Another reason was related to strict law
enforcement. Based on a reality that regardless of
how fruitful public education initiatives may be, there
will constantly be a little gathering of people who
remain recalcitrant. In 1968, the Ministry of Health
carries out its battle against litterbugs through the
Environmental Health Public Act (EHPA). The Act
in its fourteen sections covers all fields of natural
wellbeing. Specifically Part 3 (Public Cleansing), it
manages with the cleansing of the street, the
collection and removal of refuse, and the cleanliness
of ‘public places’. Comprehensive provisions against
littering and the disposal of refuse in the public places
were introduced. To accomplish the ideal results of
enhancing public cleanliness, strict legislative
provisions accompanied by equally serious
enforcement. The combination of anti-littering laws
with fines as penalties and the series annual ‘Keep
Singapore Clean’ campaigns, and the Corrective
Work Order (CWO) in place of a hefty fine, have
helped reduce the littering problem to a large extent
(2016:22). Other than littering, vandalism, chewing
gum, smoking, urinating in elevators, not flushing
toilet was other environmental issues related that
become Singapore’s concern on keeping the city safe
and clean.
Further reason regarding the Singapore successful
story on environmental sustainability is that
Singapore applying economic principles to
environmental policy. There are four key zones in
which financial matters has assumed a key role in
managing environmental policy: (i) in deciding
between which projects or options to implement; (ii)
in setting appropriate prices or user fees; (iii) when
introducing market competition; and (iv) how market
failures should be dealt with (2016:45).
Notwithstanding the economics, to quicken the
development of the environmental industry and to
keep up Singapore’s image as a City in a Garden, the
government additionally started a few subsidizing
and motivating force plans related to energy
efficiency, clean energy, green buildings, water and
environmental technologies, green transport and
shipping, waste minimization, energy and greenhouse
gas management, and environmental initiatives and
training.
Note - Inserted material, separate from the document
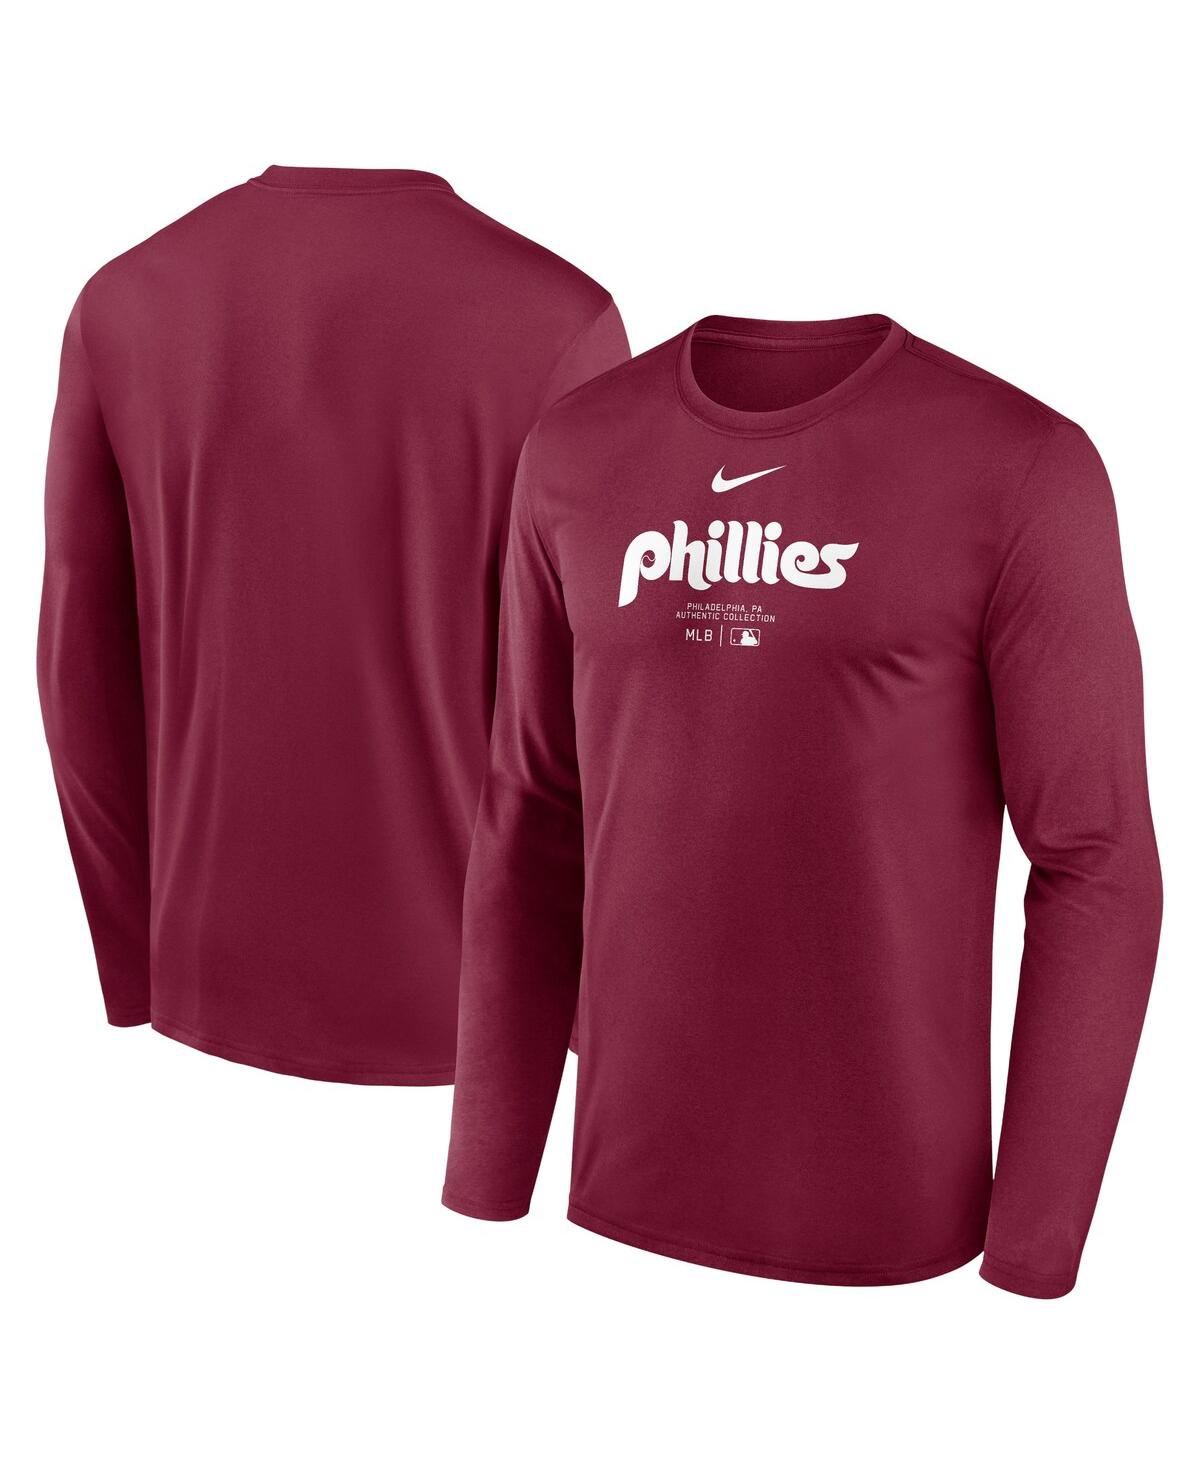 Nike Men's Burgundy Philadelphia Phillies Authentic Collection Practice Performance Long Sleeve T-shirt

Based on a compilation by Singapore
Sustainability Alliance, presently, Singapore has 72
groups that are doing work related with the
environment; and 35 government funding and
incentives for the environment (Singapore
Sustainability Alliance, http://ssa.sbf.org.sg/).
Singapore is certifiably not a green ideal world
with zero carbon emissions, extensive scale
sustainable energy sources, or cutting edge zero-
energy buildings. As Singapore is in the Inter-tropical
Convergence Zone (ITCZ), its air composition and
climate are vigorously affected by the breezes that
bring mists and air from the northern and southern
halves of the globe and natural and anthropogenic
activities within the region. The activities such as
land-use change and the related exercises in peat-
terrains would add to Singapore’s air quality through
trans-boundary transport, notwithstanding nearby
emanation sources. Moreover, Singapore’s
geography is generally level, with most land under
than 15 meter above sea level. Subsequently, this
low-lying, densely populated country in profoundly
defenceless against climate change effects (National
Environmental Agency, https://www.nea.gov.sg/).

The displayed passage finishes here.